Thomas Edison created the electric lightbulb and then wrapped an entire industry around it. The lightbulb is most often thought of as his signature invention, but Edison understood that the bulb was little more than a parlor trick without a system of electric power generation and transmission to make it truly useful. So he created that, too.
Thus Edison’s genius lay in his ability to conceive of a fully developed marketplace, not simply a discrete device. He was able to envision how people would want to use what he made, and he engineered toward that insight. He wasn’t always prescient (he originally believed the phonograph would be used mainly as a business machine for recording and replaying dictation), but he invariably gave great consideration to users’ needs and preferences. Edison’s approach was an early example of what is now called “design thinking”—a methodology that imbues the full spectrum of innovation activities with a human-centered design ethos. By this I mean that innovation is powered by a thorough understanding, through direct observation, of what people want and need in their lives and what they like or dislike about the way particular products are made, packaged, marketed, sold, and supported.
Many people believe that Edison’s greatest invention was the modern R&D laboratory and methods of experimental investigation. Edison wasn’t a narrowly specialized scientist but a broad generalist with a shrewd business sense. In his Menlo Park, New Jersey, laboratory he surrounded himself with gifted tinkerers, improvisers, and experimenters. Indeed, he broke the mold of the “lone genius inventor” by creating a team-based approach to innovation. Although Edison biographers write of the camaraderie enjoyed by this merry band, the process also featured endless rounds of trial and error—the “99% perspiration” in Edison’s famous definition of genius. His approach was intended not to validate preconceived hypotheses but to help experimenters learn something new from each iterative stab. Innovation is hard work; Edison made it a profession that blended art, craft,science, business savvy, and an astute understanding of customers and markets.
Design thinking is a lineal descendant of that tradition. Put simply, it is a discipline that uses the designer’s sensibility and methods to match people’s needs with what is technologically feasible and what a viable business strategy can convert into customer value and market opportunity. Like Edison’s painstaking innovation process, it often entails a great deal of perspiration.
I believe that design thinking has much to offer a business world in which most management ideas and best practices are freely available to be copied and exploited. Leaders now look to innovation as a principal source of differentiation and competitive advantage; they would do well to incorporate design thinking into all phases of the process.
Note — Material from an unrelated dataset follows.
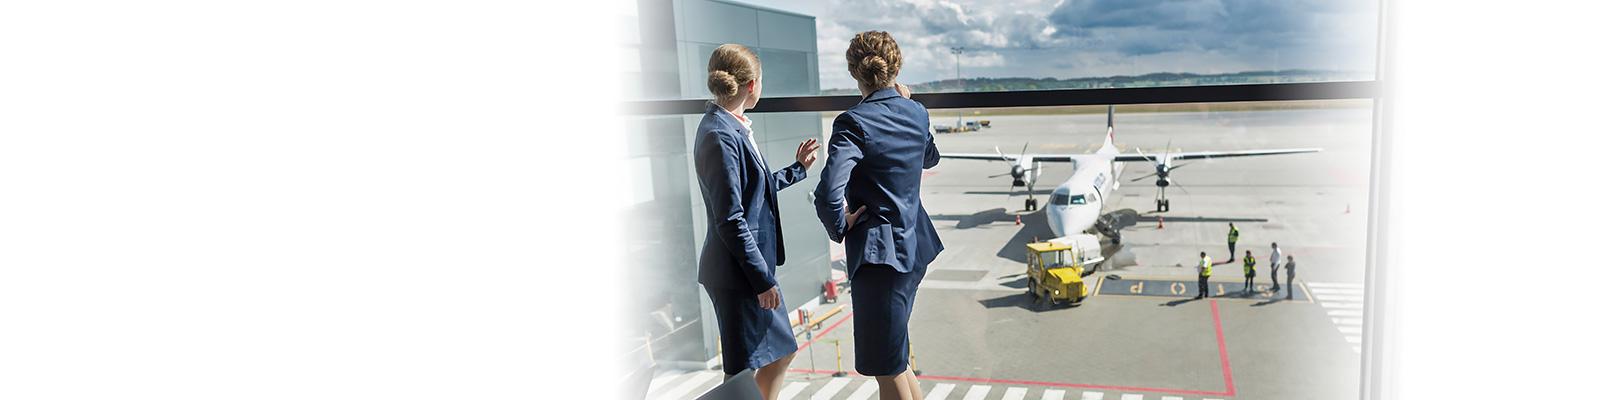 空港 職員 運用 イメージ

Historically, design has been treated as a downstream step in the development process— the point where designers, who have played no earlier role in the substantive work of innovation, come along and put a beautiful wrapper around the idea. To be sure, this approach has stimulated market growth in many areas by making new products and technologies aesthetically attractive and therefore more desirable to consumers or by enhancing brand perception through smart, evocative advertising and communication strategies. During the latter half of the twentieth century design became an increasingly valuable competitive asset in, for example, the consumer electronics, automotive, and consumer packaged goods industries. But in most others it remained a late-stage add-on.
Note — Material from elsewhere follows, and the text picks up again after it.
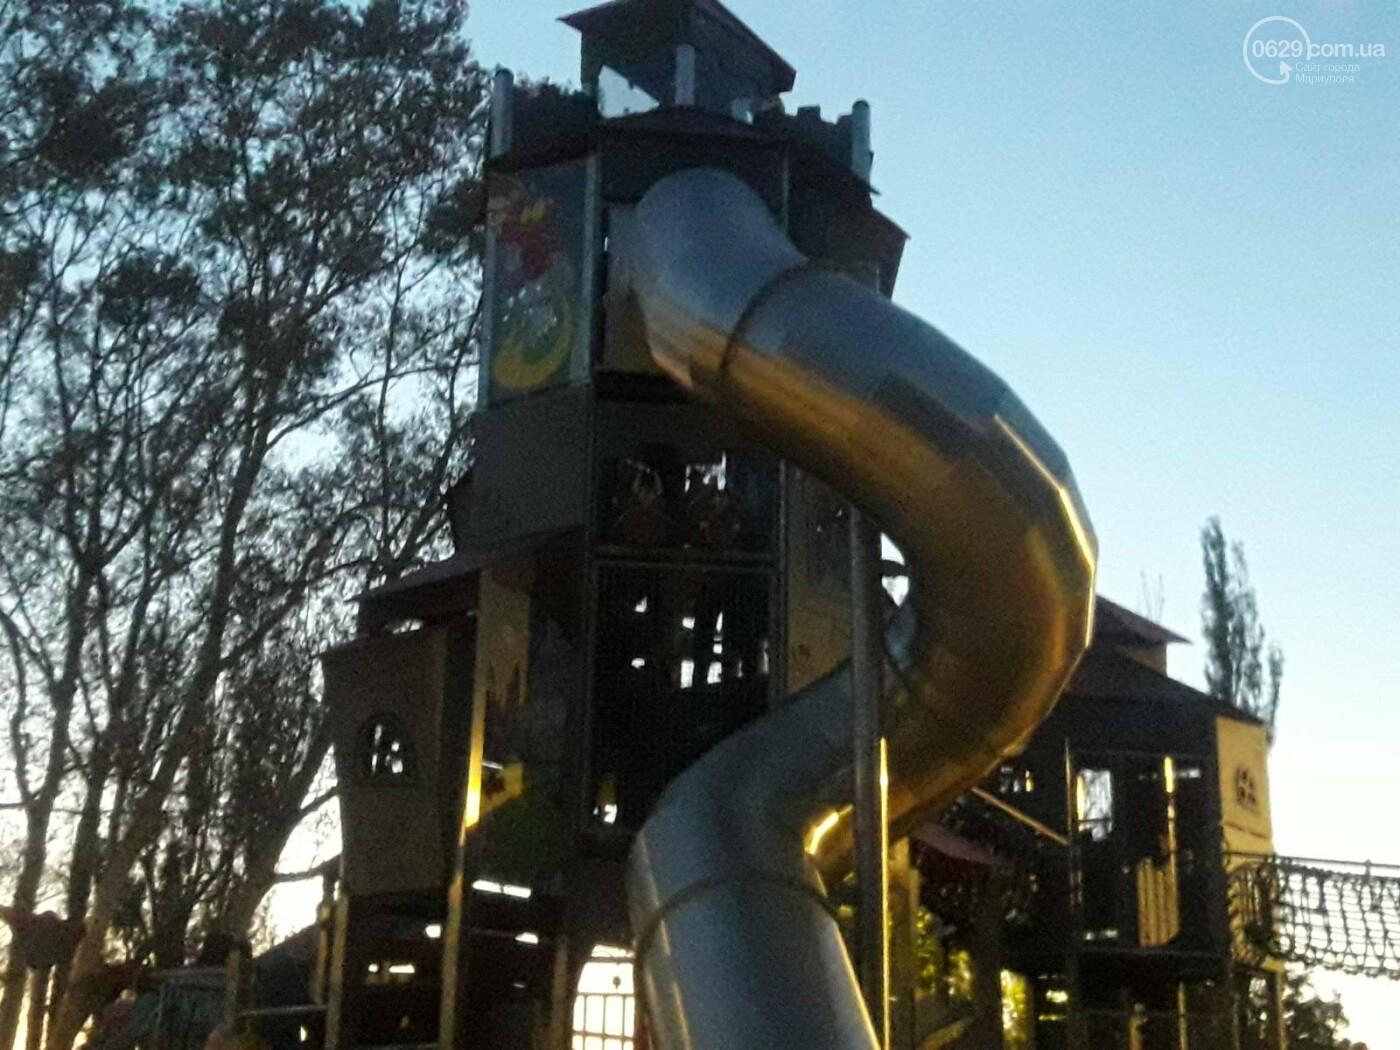 В Мариуполе в парке Гурова на детской площадке травмировался ребенок, - ФОТО, фото-6

Now, however, rather than asking designers to make an already developed idea more attractive to consumers, companies are asking them to create ideas that better meet consumers’ needs and desires. The former role is tactical, and results in limited value creation; the latter is strategic, and leads to dramatic new forms of value.
Moreover, as economies in the developed world shift from industrial manufacturing to knowledge work and service delivery, innovation’s terrain is expanding. Its objectives are no longer just physical products; they are new sorts of processes, services, IT-powered interactions, entertainments, and ways of communicating and collaborating—exactly the kinds of human-centered activities in which design thinking can make a decisive difference. (See the sidebar “A Design Thinker’s Personality Profile.”)
Consider the large health care provider Kaiser Permanente, which sought to improve the overall quality of both patients’ and medical practitioners’ experiences. Businesses in the service sector can often make significant innovations on the front lines of service creation and delivery. By teaching design thinking techniques to nurses, doctors, and administrators, Kaiser hoped to inspire its practitioners to contribute new ideas. Over the course of several months Kaiser teams participated in workshops with the help of my firm, IDEO, and a group of Kaiser coaches. These workshops led to a portfolio of innovations, many of which are being rolled out across the company.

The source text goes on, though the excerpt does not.